The OrbitalTracker component (backend/orbital_tracker.py) uses the Skyfield library and SGP4 propagation to calculate the real-time position of the ISS based on Two-Line Element (TLE) sets. It predicts satellite passes for ground stations, calculates Acquisition of Signal (AOS) and Loss of Signal (LOS) times, and determines precise look angles (azimuth, elevation) and range for radio contacts.
- TLE Caching: The TLEFetcher component (backend/tle_fetcher.py) ensures the application works offline or during API outages by caching TLE data from CelesTrak locally (iss_tle_cache.txt) for up to 6 hours, automatically refreshing when stale.
The LinkBudgetCalculator (backend/link_budget_calculator.py) simulates the physics of radio frequency (RF) communication. It considers factors such as free-space path loss, atmospheric attenuation, antenna gains, and transmitter power to estimate the Received Signal Strength Indicator (RSSI) and Signal-to-Noise Ratio (SNR). These metrics dynamically determine the achievable data rate (modulation coding scheme) during a pass.

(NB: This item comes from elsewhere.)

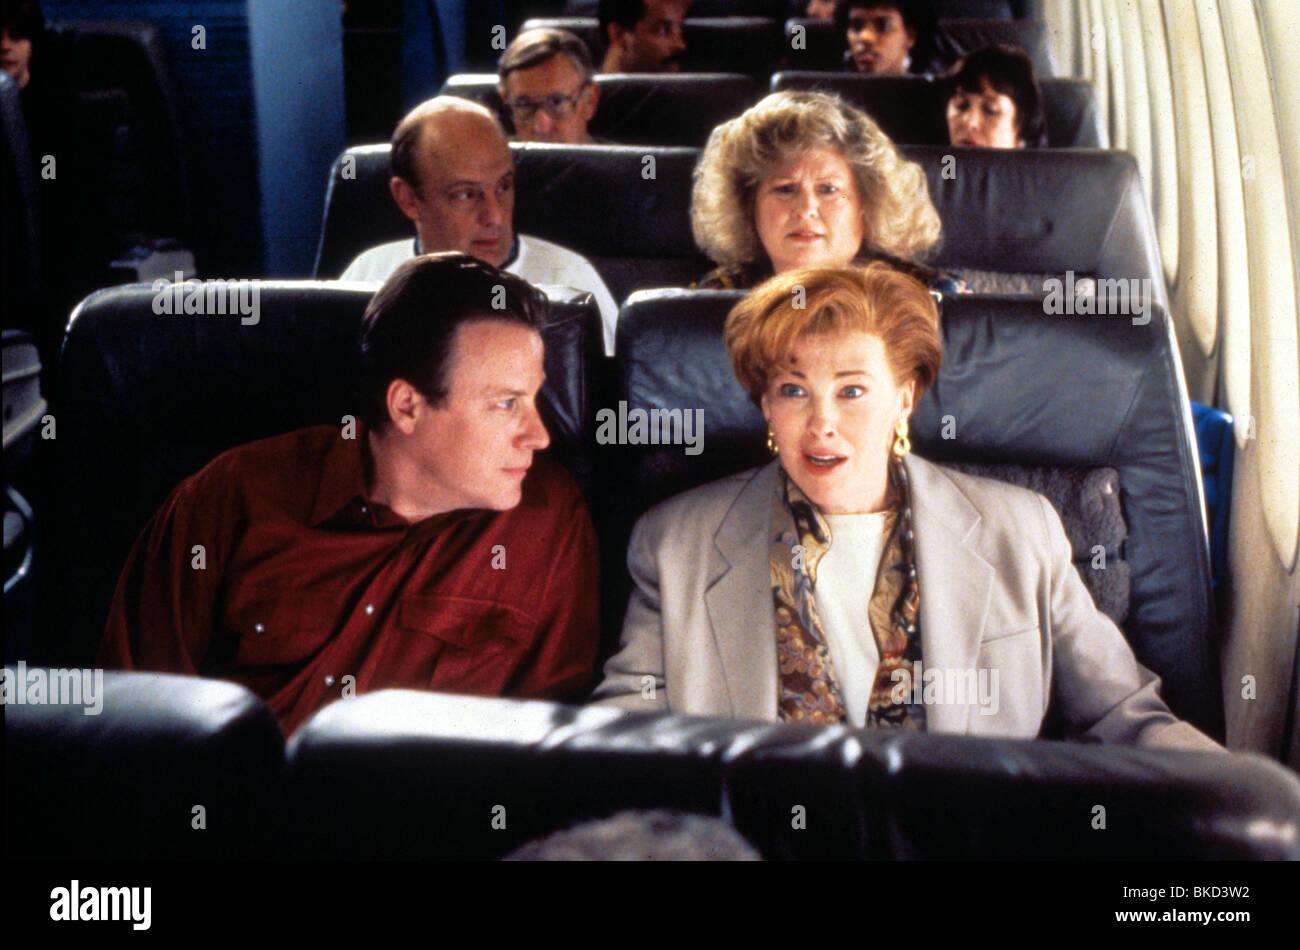 Home Alone 2 Lost In New York 1992 John Heard Catharine O Hara Stock Photo Alamy
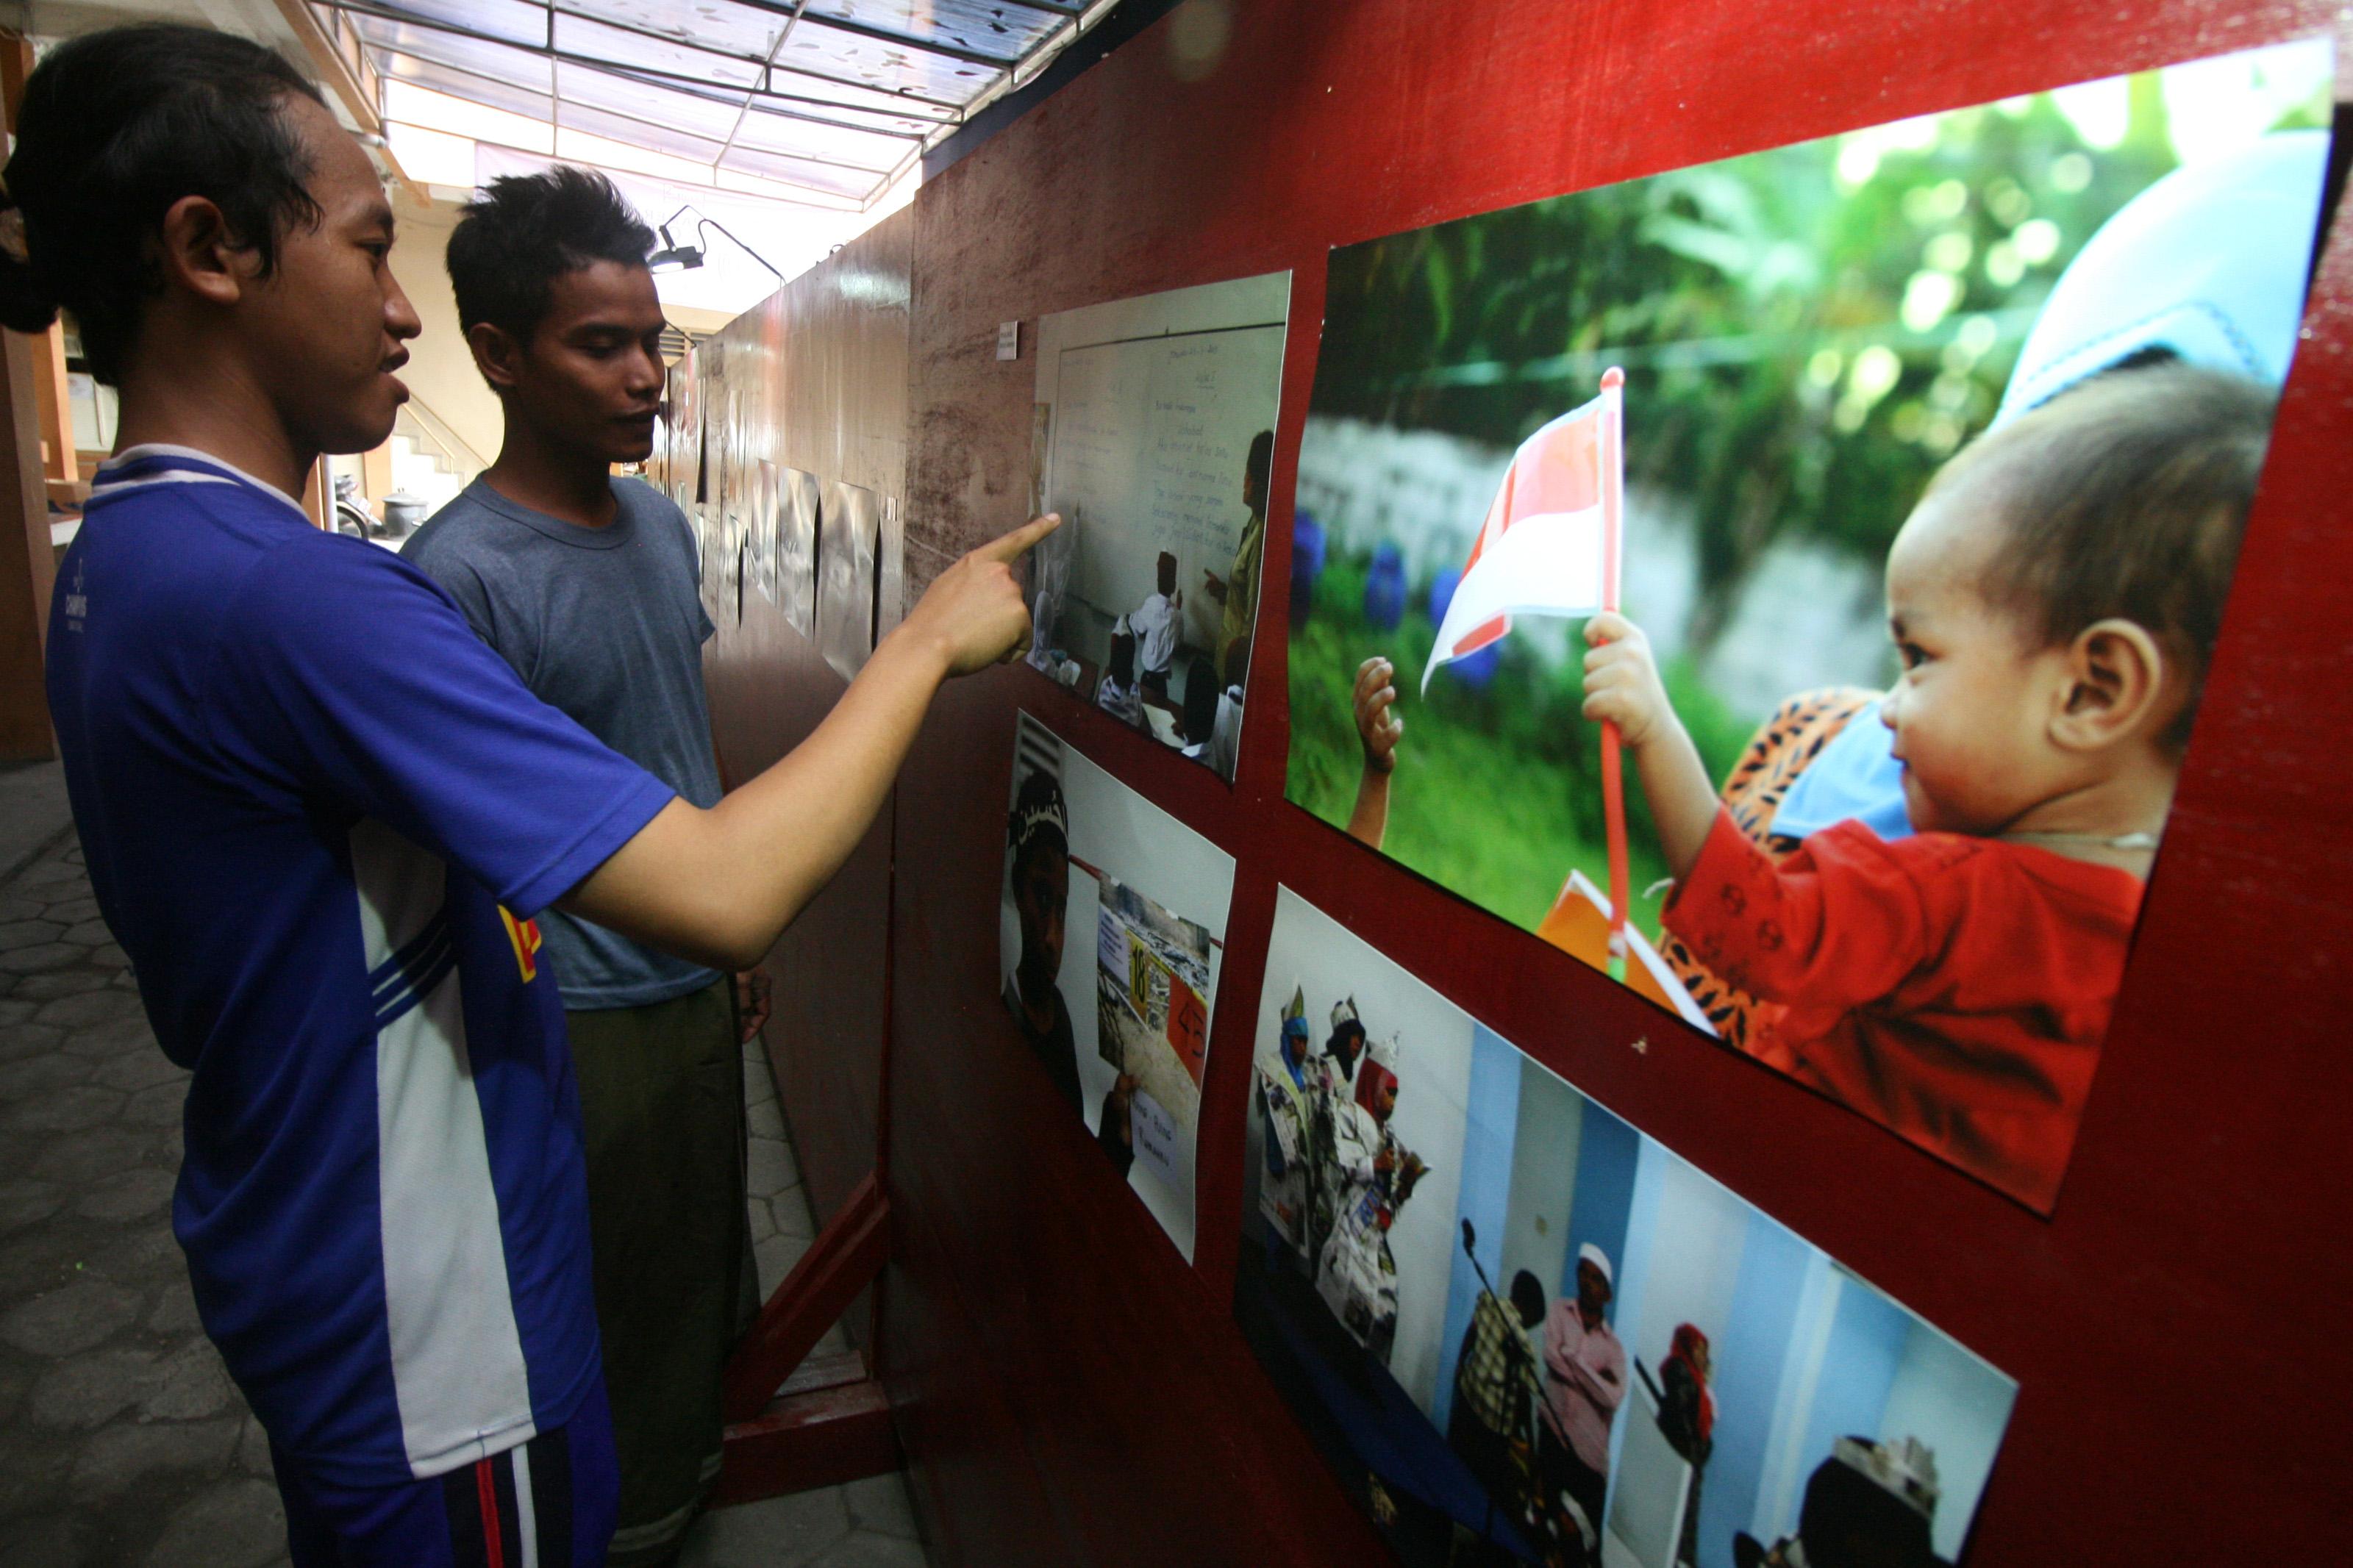 "Pengunjung mengamati pameran foto bertajuk ""Toleransi dan Keberagamaan"" di kampus Institut Agama Islam Tribakti, Kota Kediri, Jawa Timur, Jumat (30/12). Pameran yang diselenggarakan oleh Komisi Orang Hilang dan Korban Tidak Kekerasan (Kontras) bekerjasama dengan Rabithah Ma'ahid Islamiyah (Asosiasi pesantren Nahdlatul Ulama) tersebut guna mengkampanyekan toleransi kepada masyarakat luas agar menghormati perbedaan dan keberagamaan. ANTARA FOTO/Prasetia Fauzani/foc/16."

The core of the simulation is the DTNBundleManager (backend/dtn_bundle_manager.py), which implements the "Store-and-Forward" mechanism. It handles:
- Bundle Creation: Encapsulating data with source, destination, lifetime (TTL), and priority.
- Custody Transfer: Ensuring reliability by holding a bundle until the next hop acknowledges receipt (ACK/NAK).
- Routing: Determining the best path through the ground station mesh network or directly to the ISS based on contact windows.
- Persistence: Uses SQLite (backend/database.py) to store bundle states, ensuring data integrity and recovery if the backend service restarts or crashes.
When running in Mininet mode, backend/mininet_topology.py builds a virtual network where:
- The ISS and Ground Stations are distinct network hosts with their own IP stacks.
- Links between the ISS and ground stations are dynamically reconfigured in real-time using Traffic Control (tc) to match the physics-calculated bandwidth, delay, and packet loss.
- Ground stations are connected in a partial mesh topology, allowing bundles to be routed between stations (e.g., London -> Toronto -> ISS) to find the optimal uplink window.
- 3D Globe: Visualizes the ISS orbit, coverage cone, and ground stations in real-time.
- ISS View: A dedicated component (SkyView) featuring a real-time ESA ISS tracker and live 4K video feeds from the station's external cameras.
- Traffic Flow Monitor: Detailed analytics dashboard tracking uplink/downlink bandwidth usage, visual bundle queue depth, and historical transmission performance.
- Link Analysis: Charts tracking SNR, Doppler shift, and data rates.
- Network Graph: A node-link diagram showing the connectivity between ground stations and the active mesh topology.
- Message Exchange: An interface to send text messages (bundles) and watch them propagate through the network, queue at stations, and eventually be delivered.
- Station Management: Interactive control allowing operators to switch active ground stations to inspect specific link metrics and manage local queues.